Things have been expanding ever since, or to express the matter in a more causal way, you've been making up for the gap between you and your education of the no-nonsense, no-surprise, factual sort and the inferential, unspoken, connective-tissue type of expression, the elephant-in-the-living-room-type of education.  Welcome to the world of reading and rereading, of writing and rewriting.

This is a world of surprise and sensation, where you find yourself taking on scene after scene and paragraph after paragraph any number of times until your internal surprise register signals to you a surprise connection.  No more reliance on speed, rather a delicious realization that for some time you have been improvising with ideas for nonfiction and with responses for fiction.

A significant key here is the awareness that you are powered by some resident desire, say revenge or to take down pomposity or to luxuriate in some new discovery.  That is, in metaphor, the horse you ride, chosen for its personality because, when all the murk and dust are cleared, you wish the work to have a resident attitude.  In order to get it at its best, you must be as fair to all sides as possible, in actuality tilting a bit toward your antipathy in order to add greater weight to it so that your own characters and agenda will have had a workout.
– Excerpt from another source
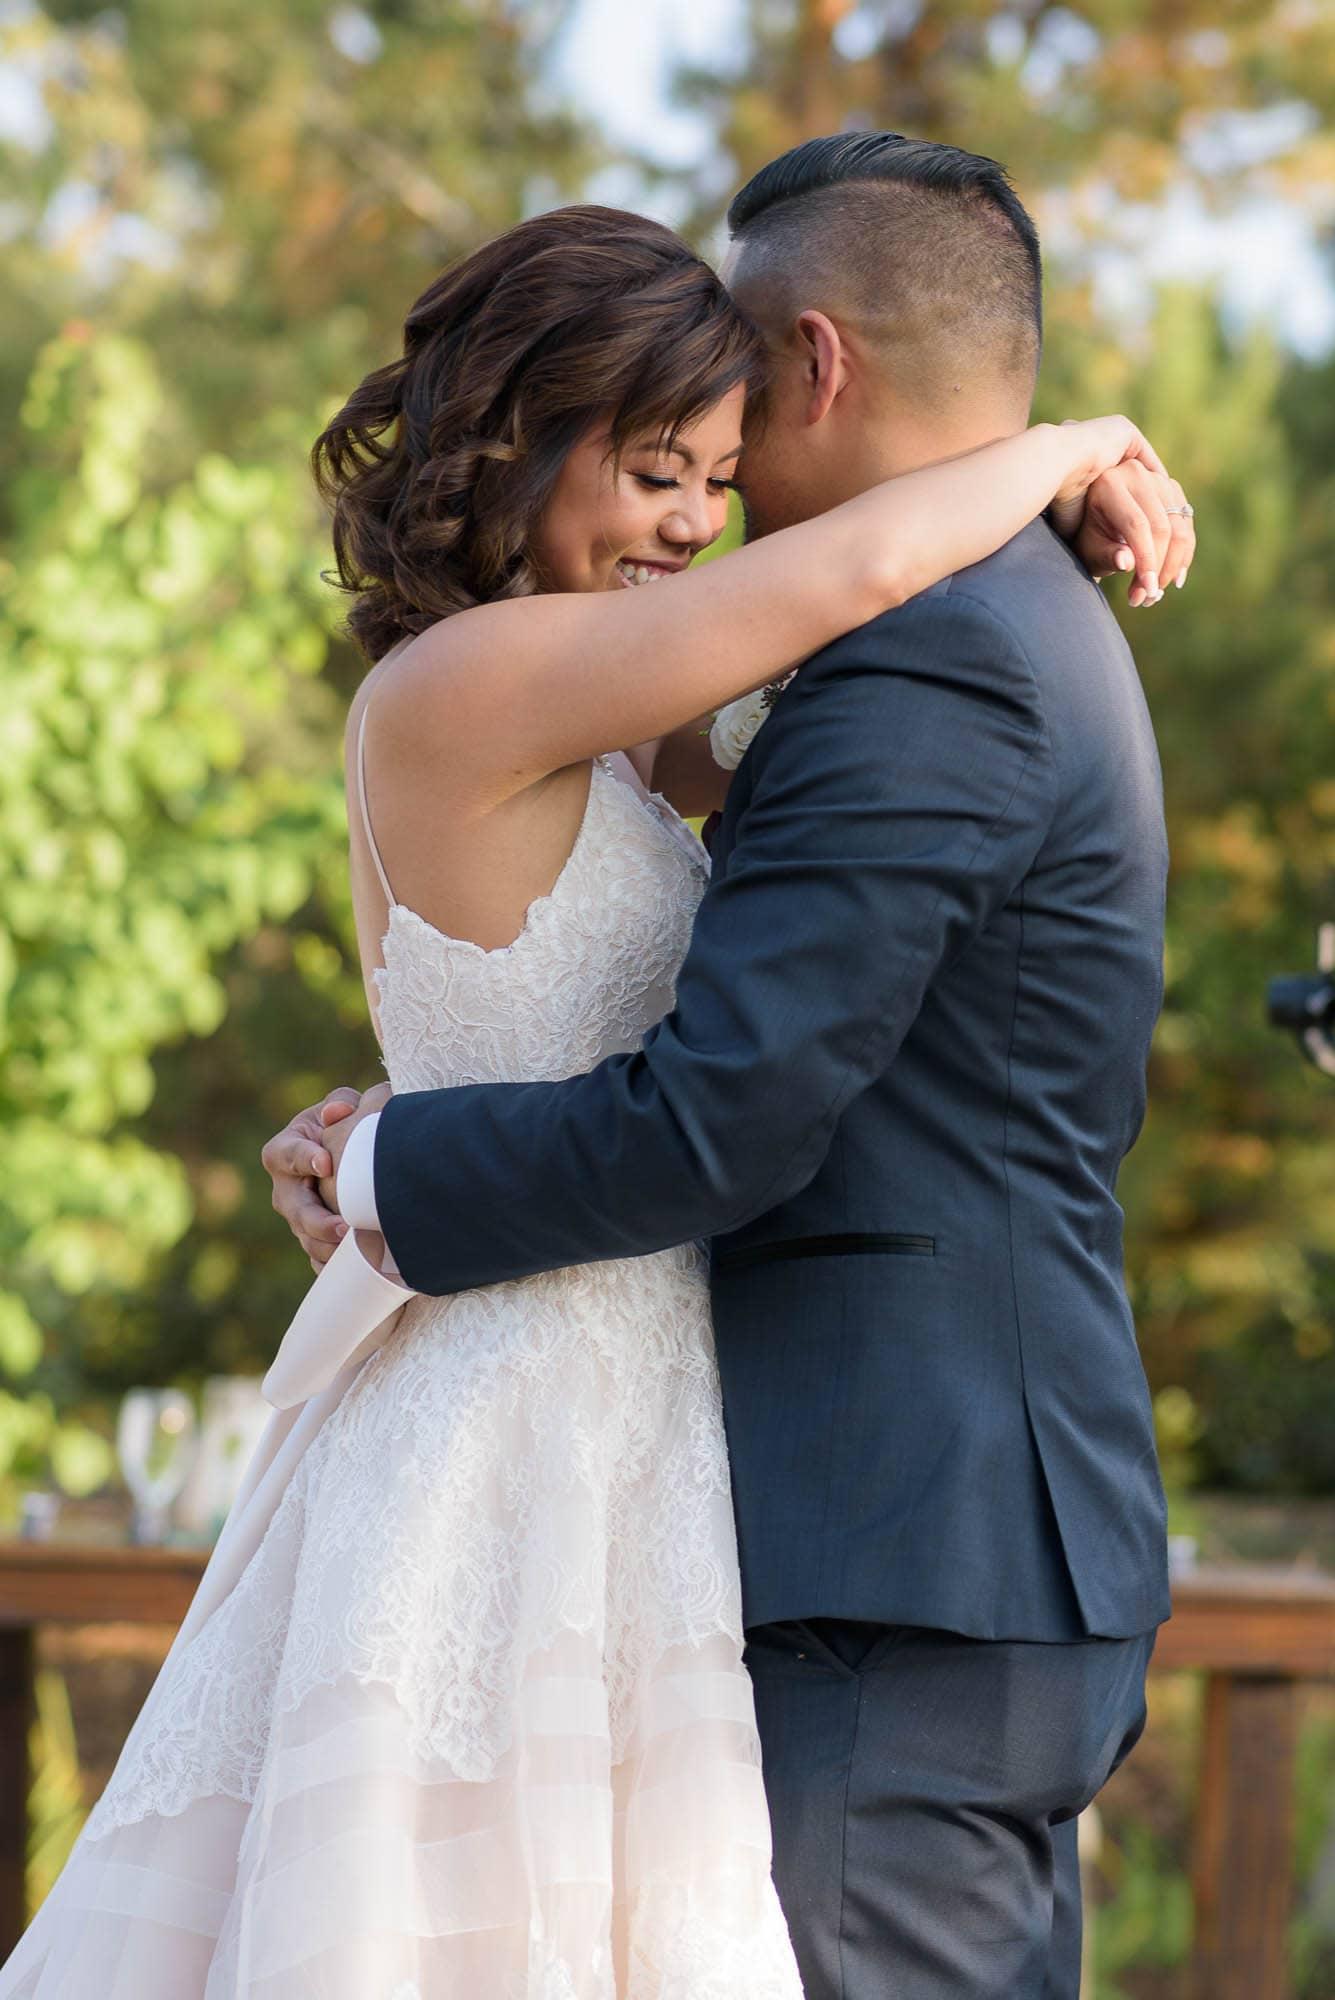 036_Alan_and_Heidi_Wedding_Karla_Paolo

Orwell is a splendid role model.  Much as you admire him, you still attempt to mount the horse Twain rode from time to time, recognizing the strengths and weaknesses he brings to his anger- and outrage-driven essays against pomposity and conservative agenda. 

Deconstructing Didion has helped enormously, ditto a man you nearly let get away from you until you stumbled into a friendship with John Sanford.  John's stories about his own friendship with Nathaniel West and the magical summer of their working on novels in a rented cabin in upstate New York sent you back to The Dream Life of Balso Snell, Miss Lonely Hearts, and The Day of the Locust.

Connections, you have come to recognize, have given a purpose to all those facts you ingested without knowing why; they influence your present day diet of facts.  The world is a random place, filled with enormous stretches of beauty and similar patches of grim, despair-laden detritus.  Your part is to inspect samples of each, then try to make some useful sense of them.

Your world requires more connections and fewer factoids.